Wednesday, June 21, 2006

Nature as Secularization

To make practical reason substantive implies that practical wisdom is a matter of seeing an order which in some sense is in nature. –Charles Taylor


Yet nature is made better by no mean / But nature makes that mean: so, over that art / Which you say adds to nature, is an art / That nature makes.
(The Winter’s Tale, Act 4, Scene IV)


This passage from Shakespeare’s The Winter’s Tale typifies a neostoic attitude present in early modern England. Neostoic notions of free will, necessity, constancy, moderation and self-preservation flourished as interlocutors of nature’s mystique.

The appropriation of classical Stoic texts was widespread throughout England at a time when political turmoil, religious anxieties, and the rise of commercial society acted to disembed individual identity from local and confessional allegiances. Salvaging the emergent disembedded individual from myopia was the idea of nature. The concept of nature provided a psychotherapeutic horizon for the regeneration of government and individual self-fashioning. The meaning of nature was two-fold, consisting of liberty (free-will) and necessity (God’s will). Ultimately, liberty was encapsulated within necessity. In other words, nature provided the means for the exercise of liberty. Therefore, as quoted from The Winter’s Tale, the art of ‘adding to nature’ was provided by nature.

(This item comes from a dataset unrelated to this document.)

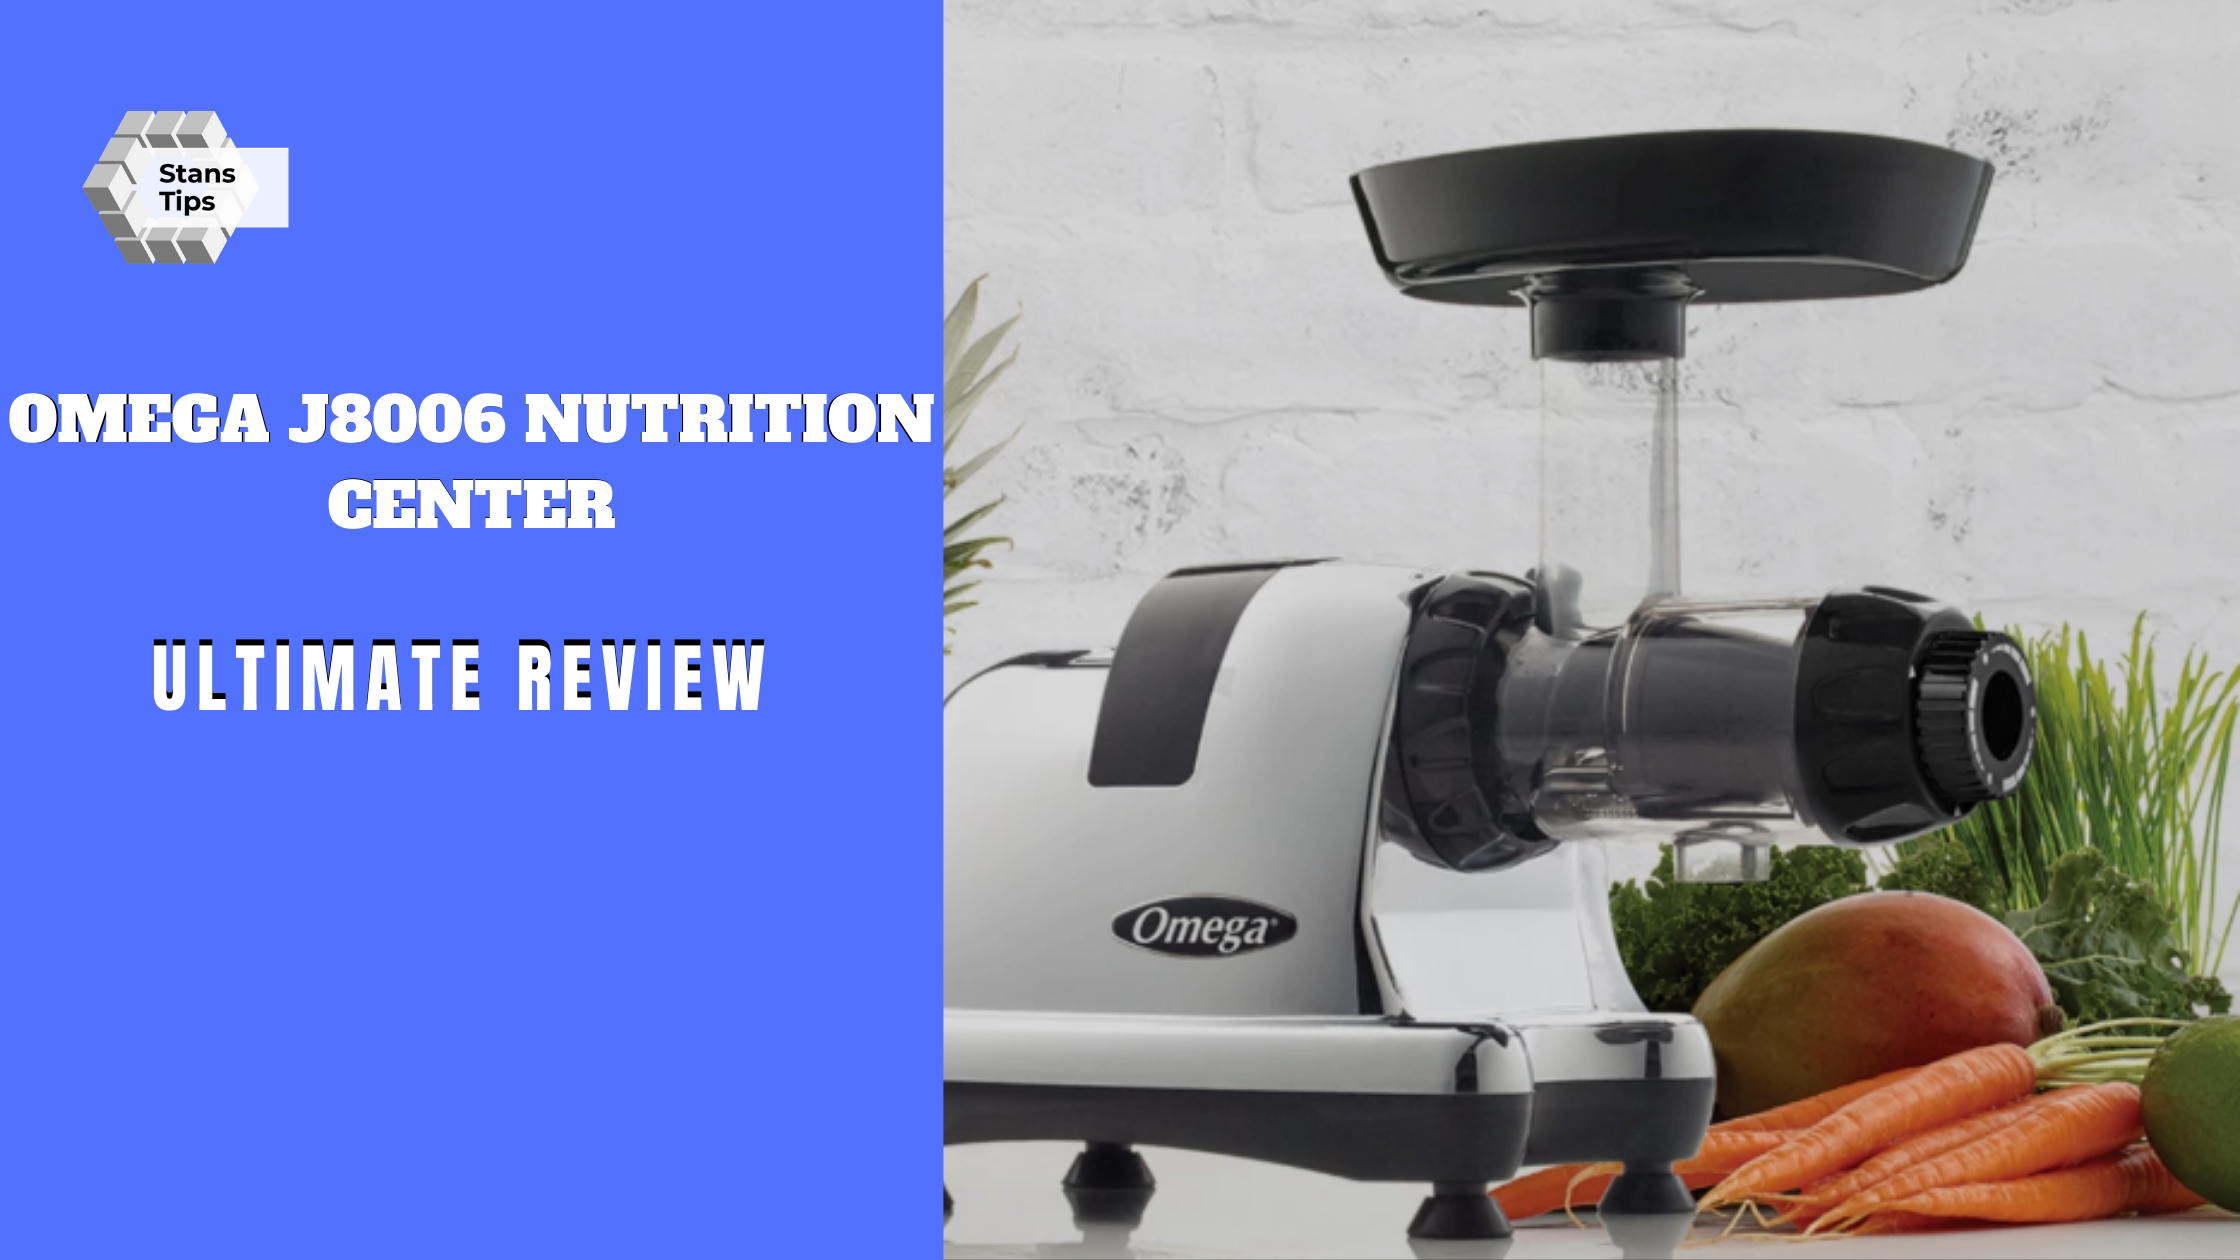 Omega j8006 nutrition center review

Specifically, with the rise of a disembedded market, the bonds of reciprocity were being reconceived in a language of nature. Confessional language was without the proper authority and rhetorical coherence to persuade and discipline the disembedded self according to creeds of Christian love. Discourses of Christian love had become ornamental and flaccid, in part, owing to propaganda produced in confessional disputes over conscience. As Christian discourses became increasingly censured for shades of opportunism, ‘nature’ provided a new pan-confessional muse for preserving conscience and acted as a scaffold for the construction of national and commercial culture.

As a delocalized national and commercial culture developed a new civic persona emerged, which was indebted to stoic values of self-mastery, as the triumph of reason over the passions. Specifically, the passions become associated with absolute egoism, while one’s use of reason directed one to a lesser or relative egoism that ultimately realized the necessity of public order. The association of stoicism with a more utilitarian self-interest, marked by a sociable egoism largely owed to Seneca. As Seneca writes, “Man is a sociable creature, and is made for the common good of others…men of the best judgment do think that that which concerneth the common wealth is of greater importance than that which toucheth their own particular.” In this way, reason became defined as thinking beyond ones “irrational” desires and instead internalizing the “reasonable” expectations of the social body. This process was facilitated by print culture, which effectively legitimated one’s delocalized experience. As historian Adrian Johns notes, it was “the role of print in transcending place and rendering natural knowledge universal.”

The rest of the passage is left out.